The line-of-sight position neighboring feature point extracting unit performs Delaunay triangulation on the feature points of the visual field image extracted as the corresponding points by the corresponding point extracting unit, and the Delaunay triangle obtained by performing the Delaunay triangulation is performed. The feature points of the three visual field images constituting the vertices of the Delaunay triangle in which the visual line position of the user in the visual field image is included are extracted as the visual line position neighboring feature points. The line-of-sight position detection apparatus according to 1.

Based on the coordinates on the image of the corresponding point extracted by the corresponding point extracting means, a parameter for projective transformation between the point of the visual field image and the point of the visual recognition target image is derived, and the derived parameter is used. The position on the image obtained by projective transformation of one of the corresponding points and the position on the other image of the corresponding point are compared for each of the corresponding points extracted by the corresponding point extracting unit, The line-of-sight position detection apparatus according to claim 1, further comprising: a corresponding point removing unit that removes the corresponding point based on the result.

The corresponding point extracting unit includes a feature amount of the feature point of the visual field image extracted by the visual field image feature point extraction unit, and a feature amount of the feature point of the visual target image extracted by the visual target image feature point extracting unit. Derivation means for deriving the error of
The error derived by the deriving unit is the characteristic point of the visual field image extracted by the visual field image feature point extracting unit from the characteristic points of the visual target image extracted by the visual recognition target image feature point extracting unit. Search means for searching for the feature point of the viewing target image that is the smallest and the feature point of the viewing target image that is the second smallest in error.
When the difference between the error of the feature point of the viewing target image with the smallest error and the error of the feature point of the viewing target image with the second smallest error is larger than a threshold value, The line-of-sight position detection according to any one of claims 1 to 3, further comprising: extraction means for extracting, as the corresponding point, a feature point of the visual target image with the smallest error. apparatus.

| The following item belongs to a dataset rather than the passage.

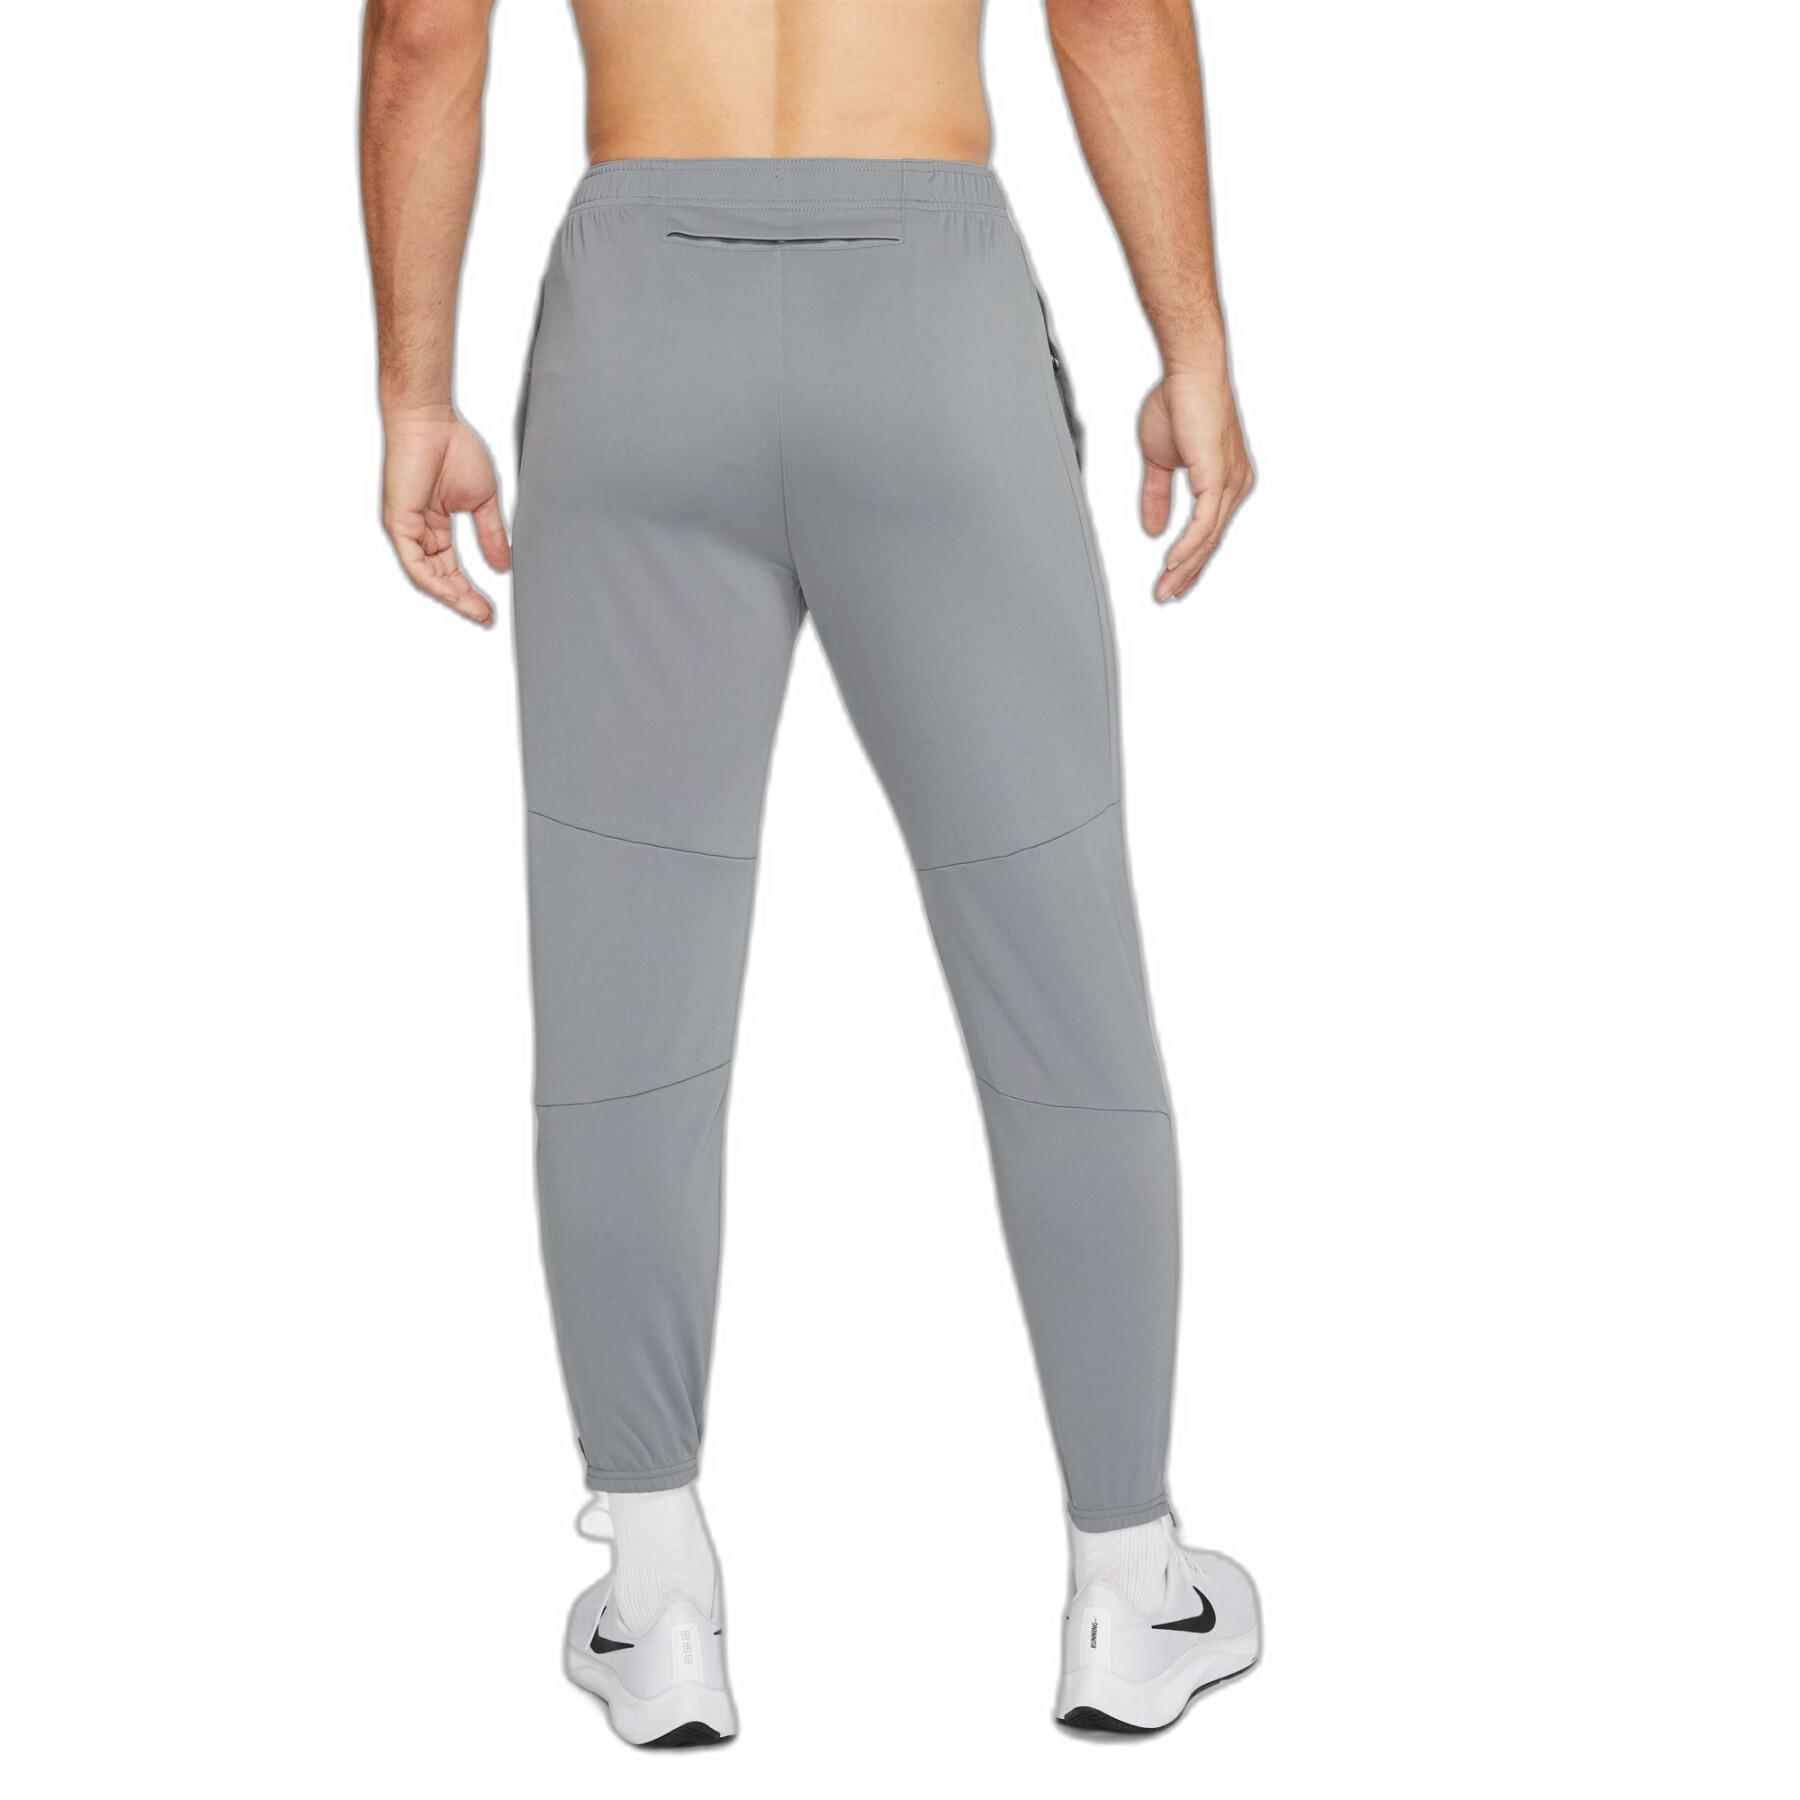 Jogging Nike Dri-FIT Challenger - Pants / Jogging suits - The Stockings ...
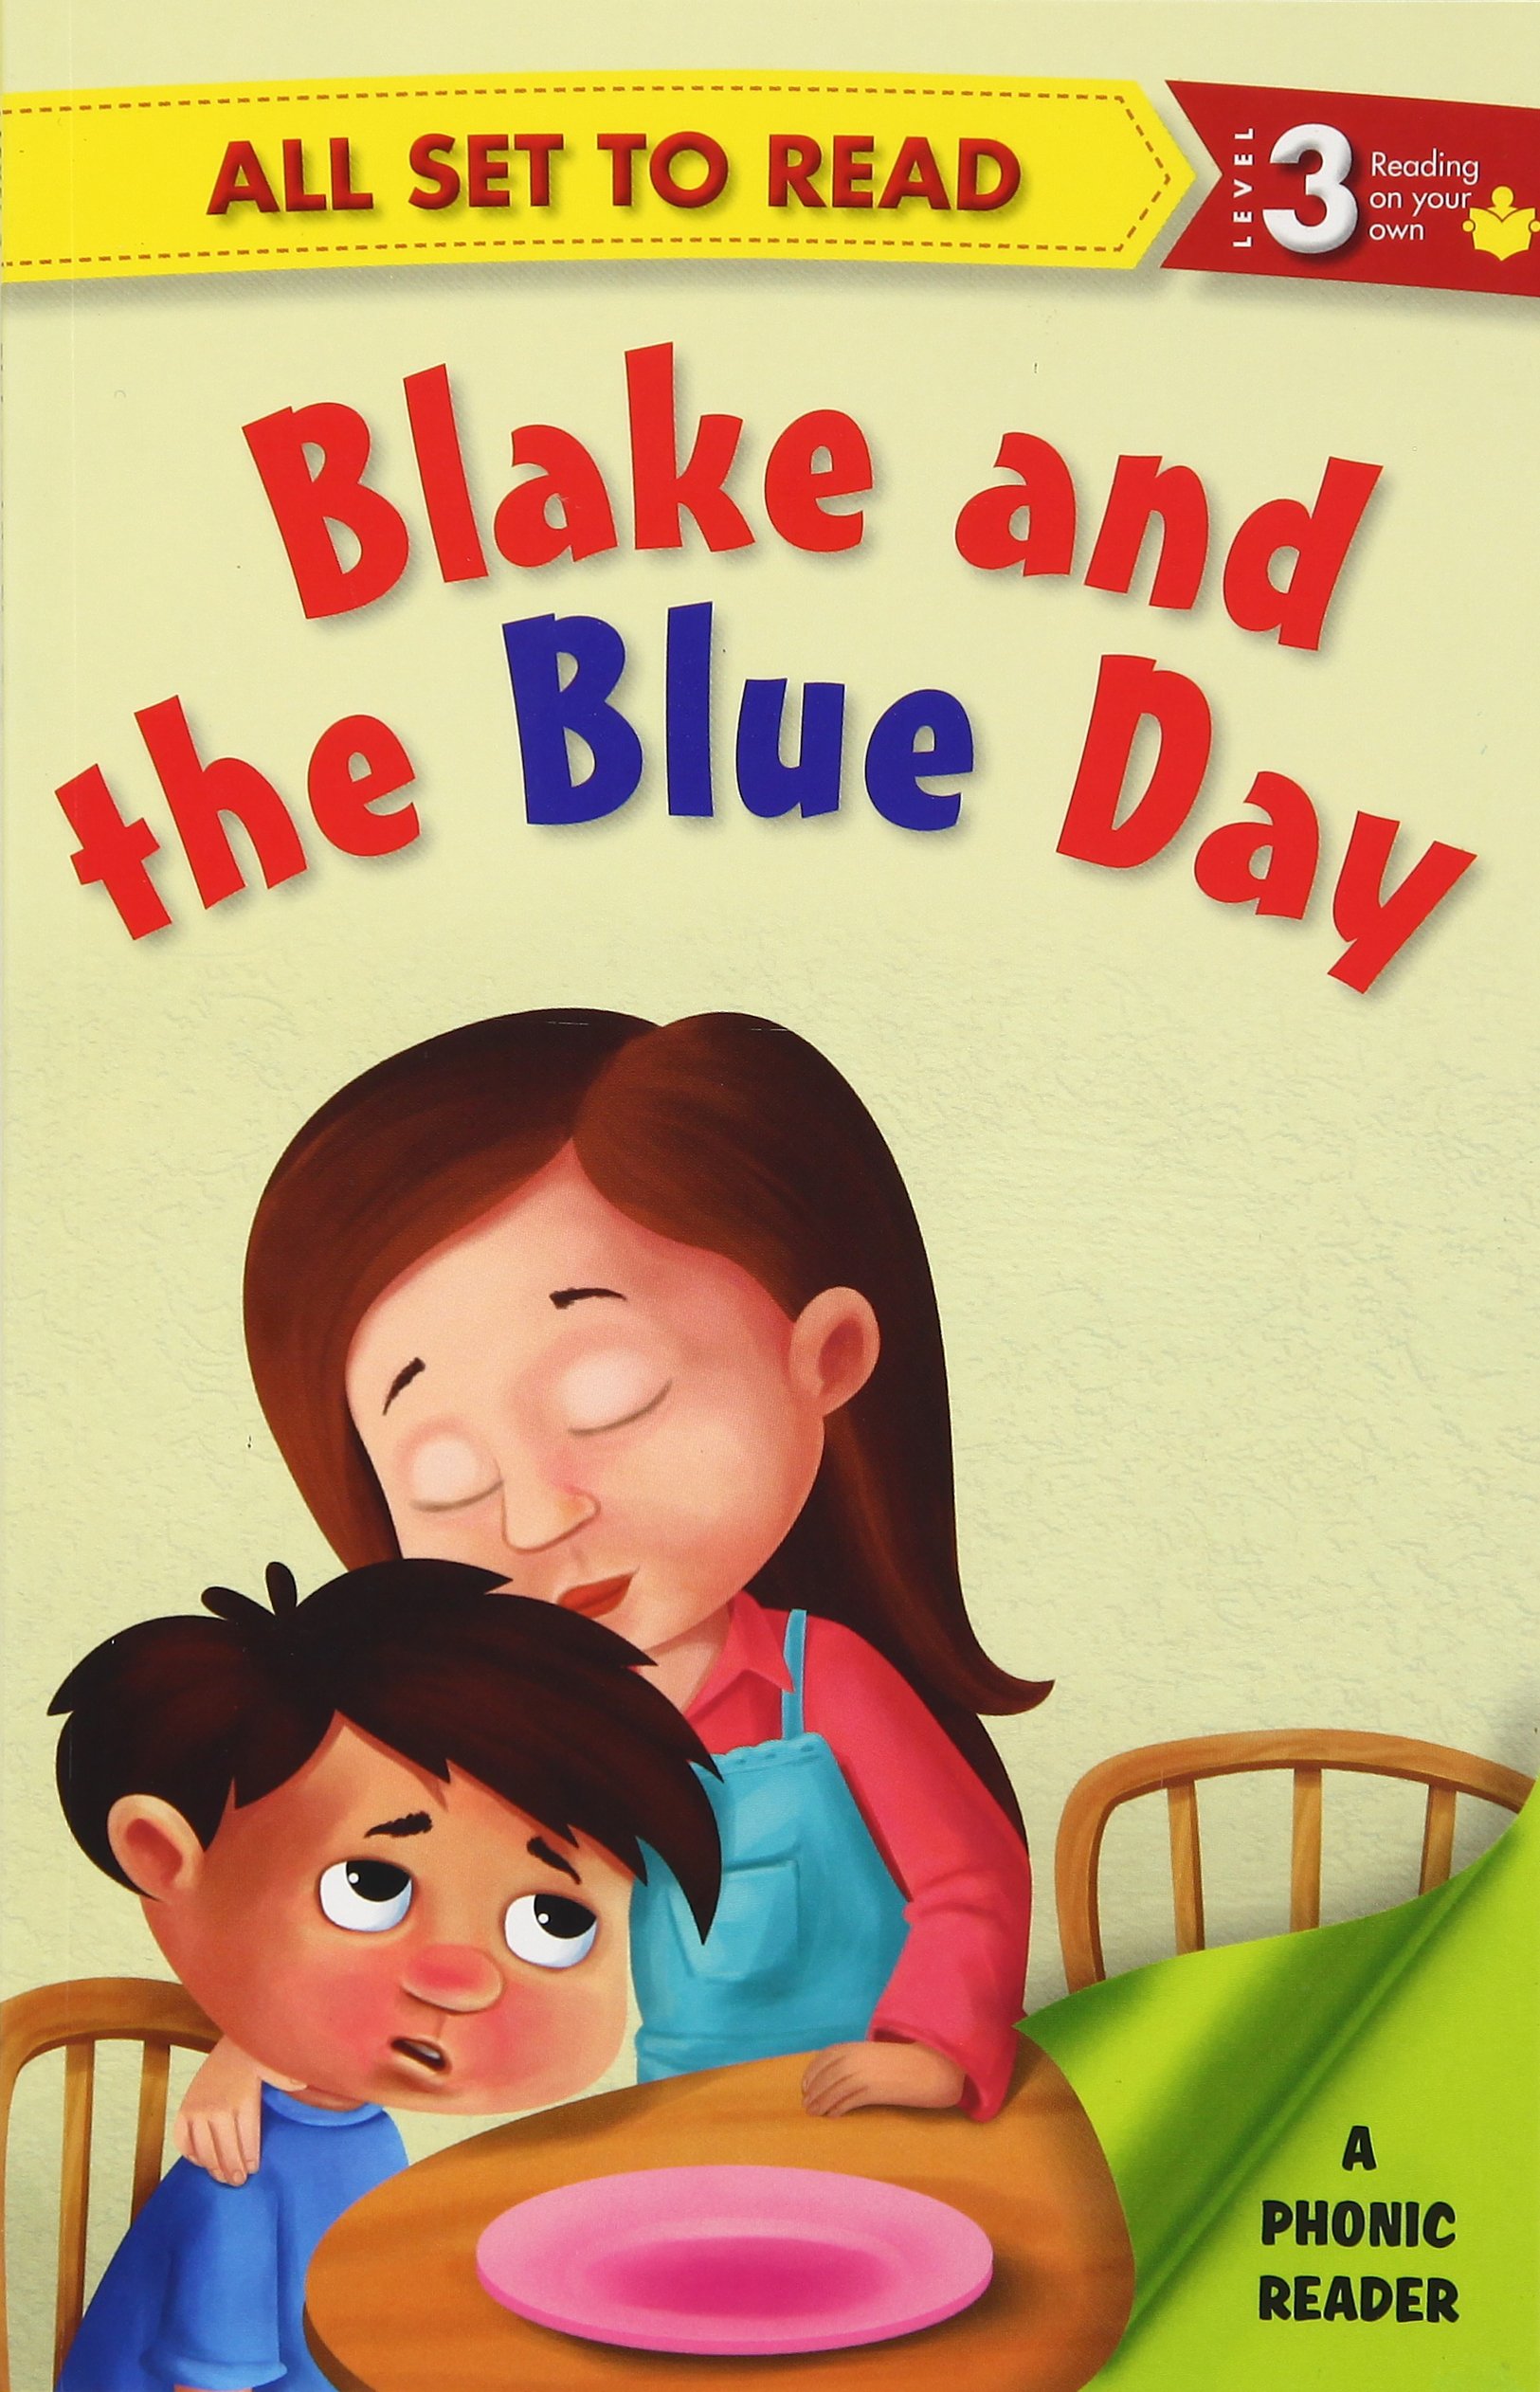 All Set To Read: A Phonic Reader - LEVEL 3 -Reading on your own : BLAKE AND THE BLUE DAY

The visual target image feature point extraction unit extracts the feature point of the visual target image acquired by the visual target image acquisition unit by SIFT (Scale-Invariant Feature Transform),
5. The visual field image feature point extraction unit extracts a feature point of the visual field image acquired by the visual field image acquisition unit by SIFT (Scale-Invariant Feature Transform). The line-of-sight position detection apparatus according to the item.

A visual recognition target image acquisition step of acquiring a visual recognition target image that is a two-dimensional image of an area to be visually recognized by the user;
A field-of-view image acquisition step of acquiring a field-of-view image that is a two-dimensional image captured by the imaging means worn by the user;
A visual target image feature that extracts a feature point that is a point in the visual recognition target image for associating the visual recognition target image acquired in the visual recognition target image acquisition step with the visual field image acquired by the visual field image acquisition unit. A point extraction process;
Field-of-view image feature point extraction for extracting feature points that are points in the field-of-view image for associating the field-of-view image acquired by the field-of-view image acquisition means with the field-of-view image acquired by the field-of-view image acquisition step Process,
The feature points of the visual field image extracted by the visual field image feature point extracting step, the feature points of the visual field image extracted by the visual field image feature point extracting step, and the feature amounts corresponding to the feature points of the visual field image. A corresponding point extracting step of extracting feature points as corresponding points;
From the feature points of the visual field image extracted as the corresponding points by the corresponding point extraction step, three characteristic points constituting a triangle that internally includes the user's line-of-sight position in the visual field image acquired by the visual field image acquisition step, A line-of-sight position vicinity feature point extracting step for extracting as a line-of-sight position vicinity feature point;
A visual target image upper line-of-sight position deriving step of deriving a position in the visual recognition target image corresponding to a user's visual line position in the visual field image as a user's visual line position in the visual recognition target image; Have
The visual target image upper line-of-sight position deriving step uses the coordinates of the user's line-of-sight position in the visual field image and the three line-of-sight position neighboring feature points when viewed from a coordinate system determined from the three characteristic points near the line-of-sight position. A line-of-sight position detection method, wherein a position having the same coordinates when viewed from a coordinate system determined from feature points of three corresponding visual target images is derived as a user's line-of-sight position in the visual target image.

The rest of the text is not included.